A deal struck with General Motors exchanges debt owed to the union for 39% of the troubled automaker. A separate deal with Chrysler will give the 74-year old labor organization 55% of the privately held Chrysler.
In both companies, the union will have board representatives. It will, as such, have a say in hiring the next CEOs of the automakers, product decisions and compensation. GM Fred “Fritz” Henderson and whoever the incoming CEO of Chrysler will be if the company is saved from liquidation, will be effectively working for the union membership.
As the union has been a frequent critic of the disparity between compensation for C-suite managers and factory floor workers, it will be interesting to see what levels of compensation the union board members vote for.
The union will in fact own more of GM and Chrysler than the Ford family owns of Ford Motor Co. It will own larger stakes in GM and Chrysler than billionaire financier Kirk Kerkorian was able to accumulate in his runs at both companies in the last 12 years.
Union members can pretty much burn those picket signs they threaten to drag out every few years when contracts get re-negotiated. Threatening a strike at a GM or Chrysler facility, or even a parts plant that supplies one of the automakers, would be shooting themselves in both feet as long as they hold such large stakes in the companies.
Ford remains the only U.S. automaker that has neither taken U.S. Treasury loans, nor had to give the union equity in the company; though that could change by year-end because of an agreement struck with the union last month that gives the automaker the option of paying billions in future health-care obligations to the union in Ford stock instead of cash.
According to the agreement struck with Chrysler, which is expected to be ratified by members this week, Chrysler will issue a $4.59 billion note to a health-care trust fund that the union will manage for retired workers. Chrysler will pay $300 million in cash into the trust fund in 2010 and 2011, and increasing amounts up to $823 million in the years 2019 to 2023.

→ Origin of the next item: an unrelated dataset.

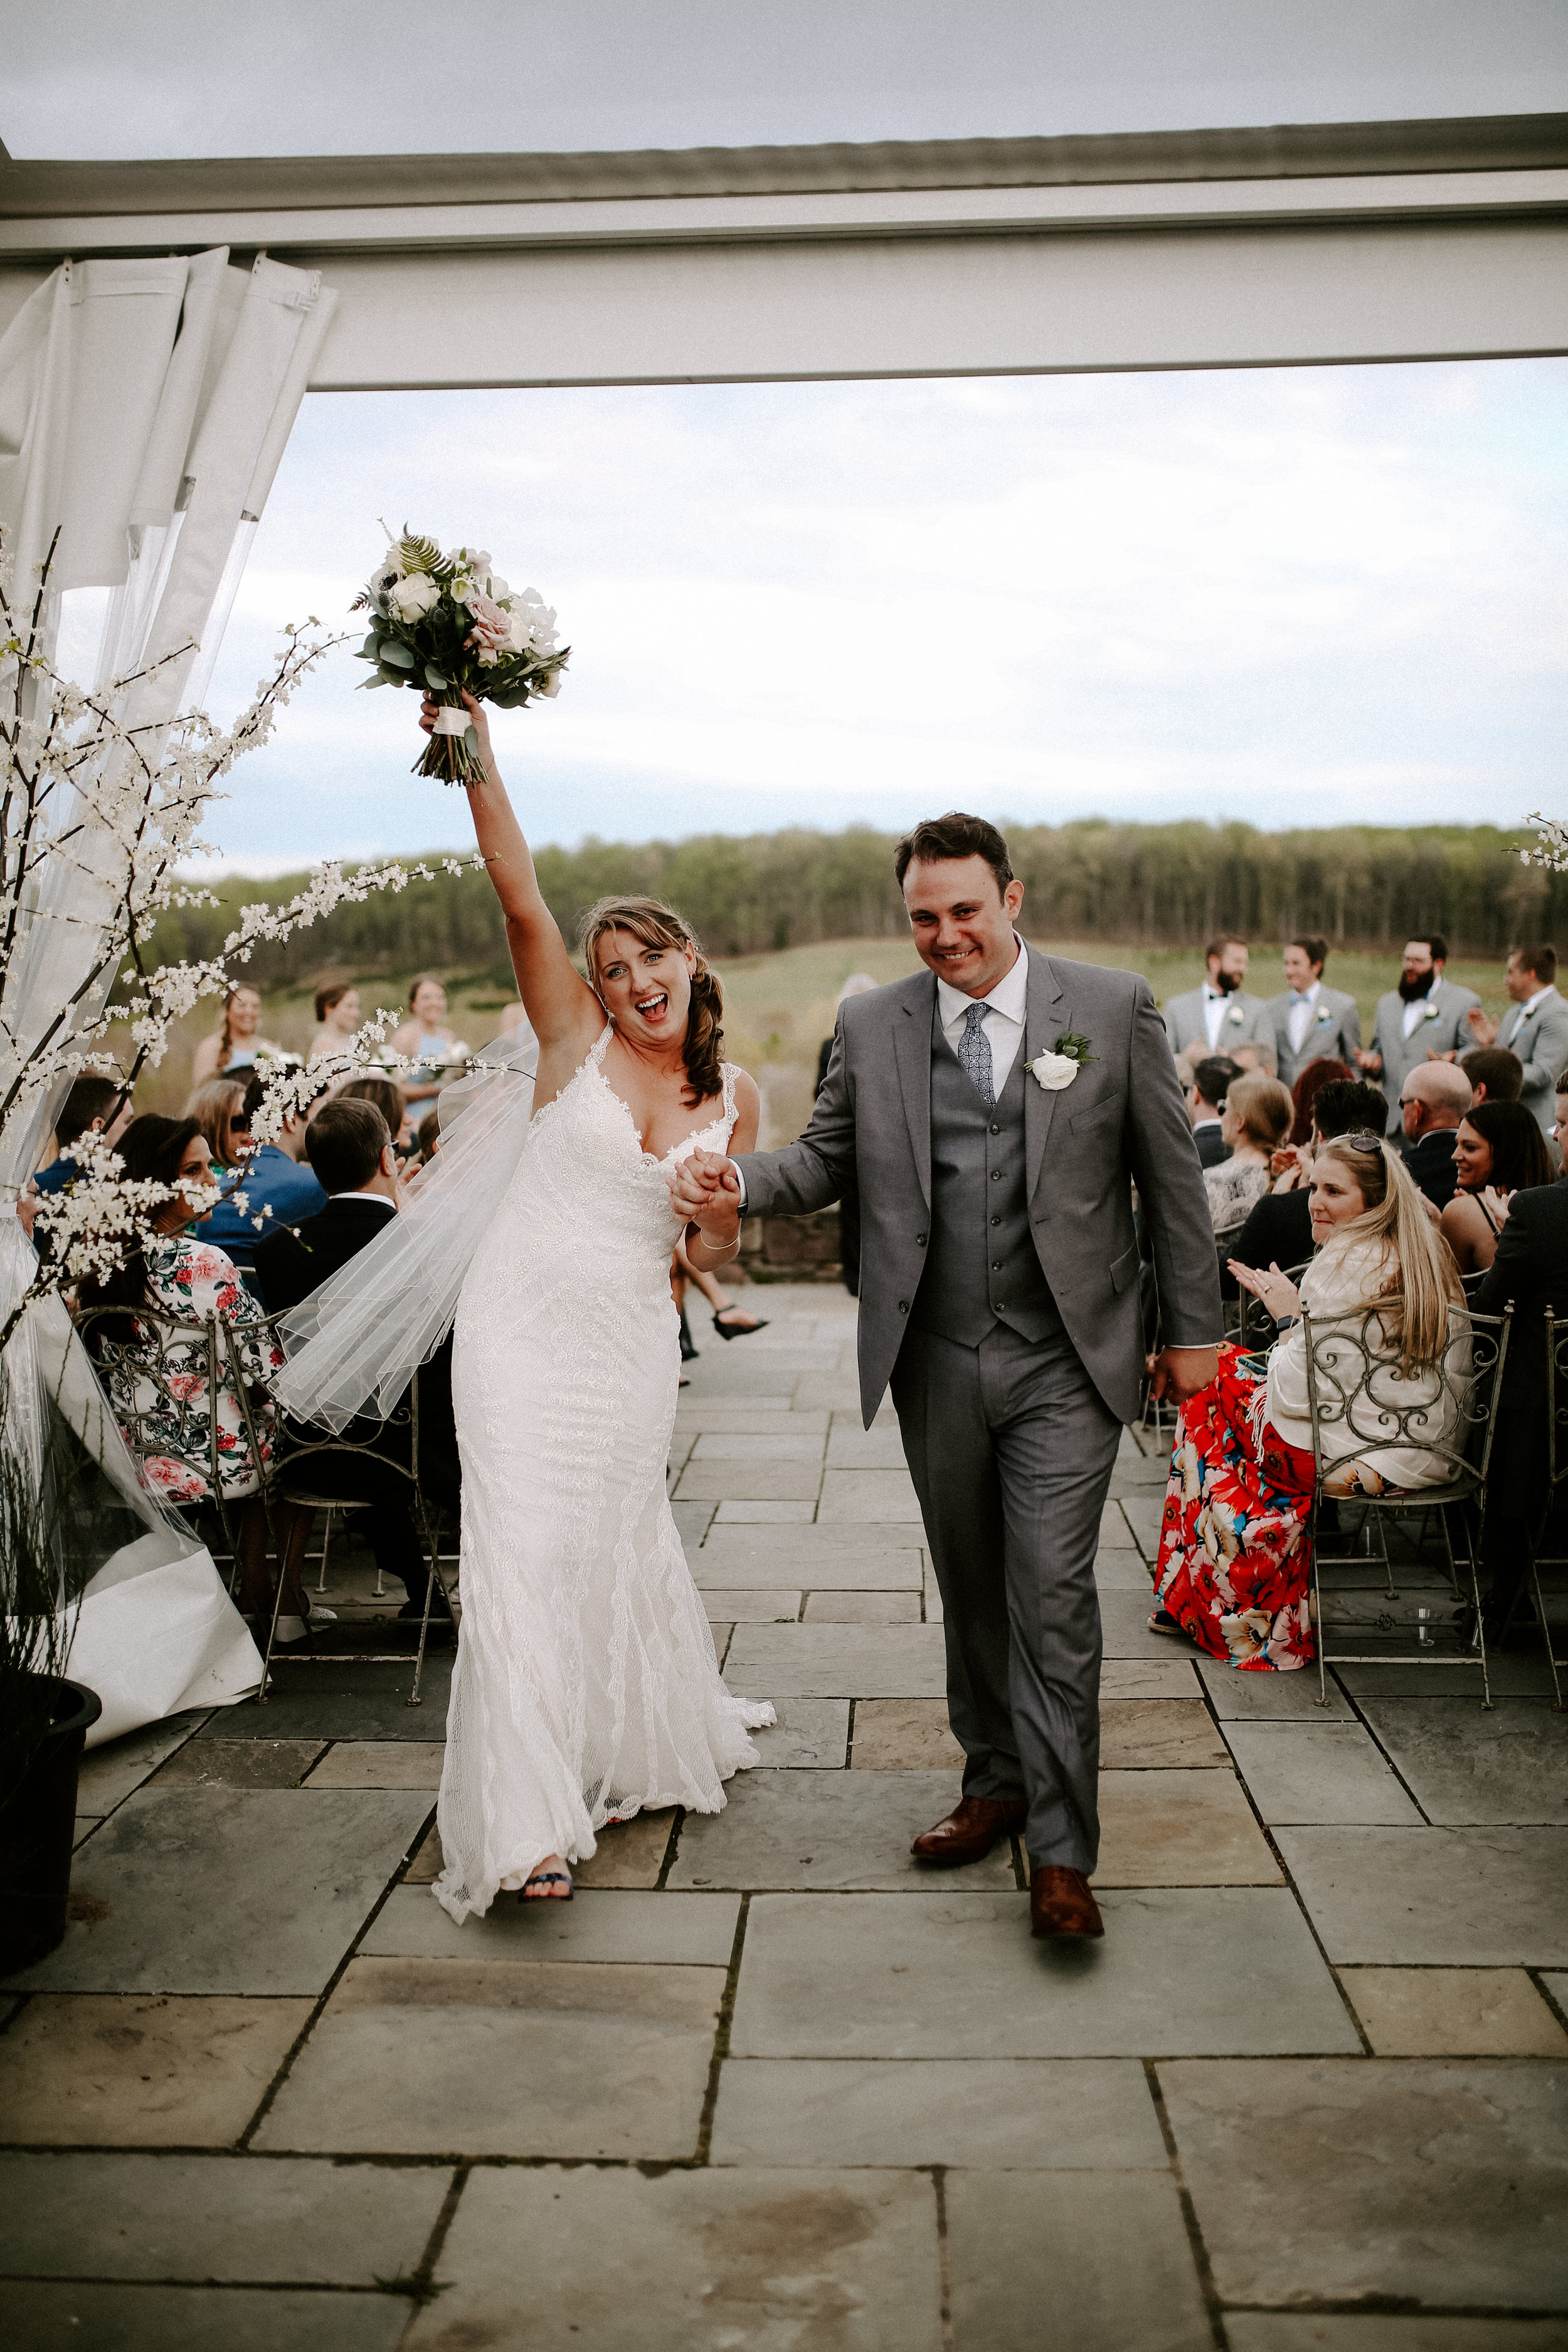 TheGreens_Married_2019-355.jpg

Daimler AG, which still retains 19.9% of Chrysler, left over from its purchase of Chrysler in 1998, agreed Monday to give up that equity and pay up to $600 million into the automaker’s pension fund.
In order to satisfy the White House’s conditions for getting an additional $6 billion in loans, on top of the $4.5 billion it has already received, Chrysler still has to strike a substantial deal with banks and private equity funds holding $6.9 billion in debt secured by Chrysler’s hard assets like its Jeep business, real estate, factories, etc.
Those negotiations have made little progress, and banks have objected to the UAW getting so much equity in the company. The White House wants the banks to accept no more than $1.5 billion, and 5%-10% equity in the company.
In the Chrysler deal, the union is losing cost-of-living adjustments to pay, and accepting stiffer limits on over-time pay and a reduction in paid holidays. For all practical purposes, union pay and benefits are practically the same now as non-union workers employed by Toyota and Honda in the U.S.
As union members, such cuts and concessions are painful. But to owners of the companies now, it makes Chrysler, and GM, more globally competitive as long as they stay in business.